Encoder work - loose bound: each query_batch call encodes its full
input list. A 10-chunk document where every chunk flags through depth 2
with three sentence-window children per parent encodes roughly
10 + 30 + 90 = 130 strings - about 13x the original 10. So encoder
workload can substantially exceed the query-call multiplier.

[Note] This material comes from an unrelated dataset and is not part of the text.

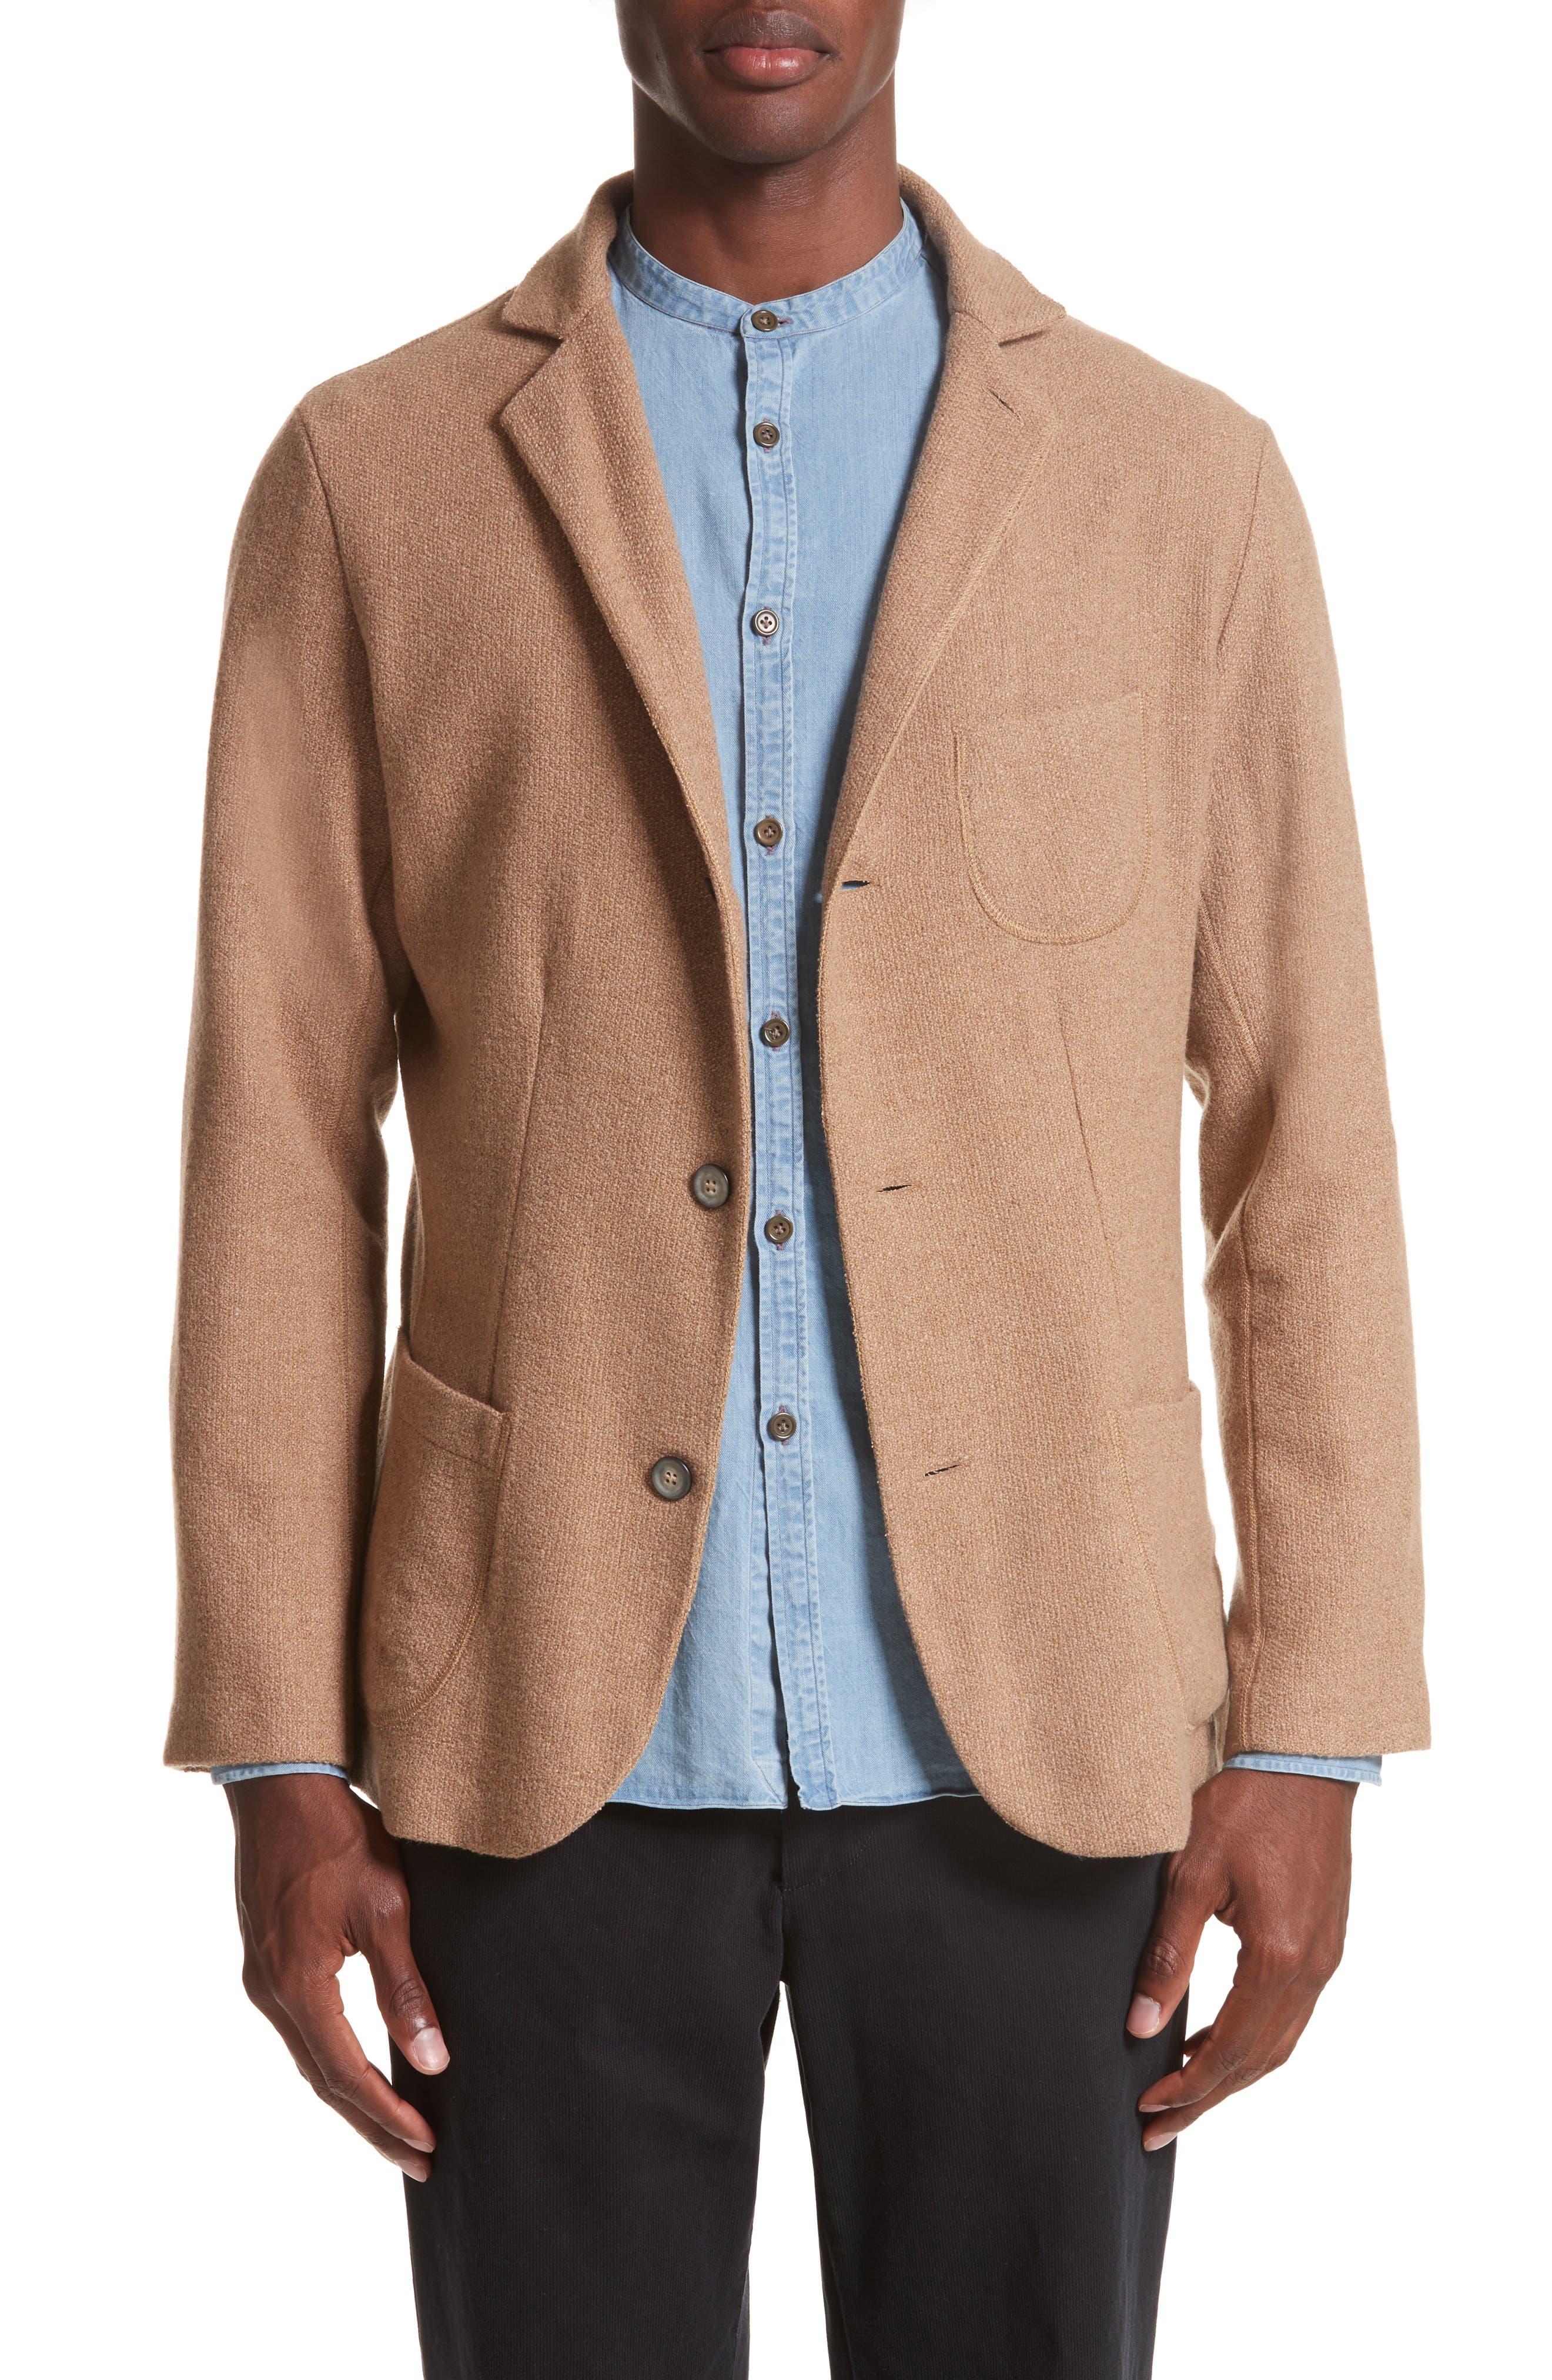 Napoli Nicola Camel Knit Wool Blazer,                         Main,                         color, 465

In practice fan-out is bounded by min_chunk_chars, the score-improvement
gate, and the rarity of chunks that genuinely benefit from depth-2
recursion. Empirical typical wall-time multiplier: 1.2x to 1.5x. Worst
case is hard to bound tightly because it depends on encoder batch
throughput and chunk-size distribution; we don't promise a specific
multiplier.
Worked Examples¶
Aggressive recall¶
Lower the quality threshold so more chunks flag, and keep depth at 2:
extraction:
adaptive_rechunking:
enabled: true
quality_threshold: 0.6
margin_threshold: 0.05
max_depth: 2
Conservative cost¶
Cap recursion at 1 and require a larger improvement before keeping sub-chunks:
Cross-language (German) via profile¶
profiles:
german_recall:
command: text process
language: de
adaptive_rechunking:
enabled: true
quality_threshold: 0.5
Response Metadata¶
When enabled and triggered, the response meta block carries a summary:
{
"meta": {
"extraction_backend": "standard",
"adaptive_rechunking": {
"enabled": true,
"trigger_count": 3,
"subdivided_count": 2,
"reverted_count": 1,
"max_depth_reached": 1,
"extra_chunks_added": 4
}
}
}
The block is omitted entirely when adaptive rechunking is disabled.
Related Notes¶
- The interactive command (
phentrieve text interactive) does not currently accept the adaptive rechunking flags. The feature is wired intophentrieve text processand the API only. - The CLI surface intentionally exposes only four knobs. The full set is reachable via YAML / profiles for tuning experiments.
- The aggregator (
hpo_extraction_orchestrator) is unchanged by this feature. Adaptive rechunking only changes the chunk list and the raw query results that feed the existing aggregator. - See Configuration Profiles for how to bundle adaptive-rechunking knobs into named profiles.
- See CLI Usage for the
text processcommand surface. - See API Usage for the request/response schema.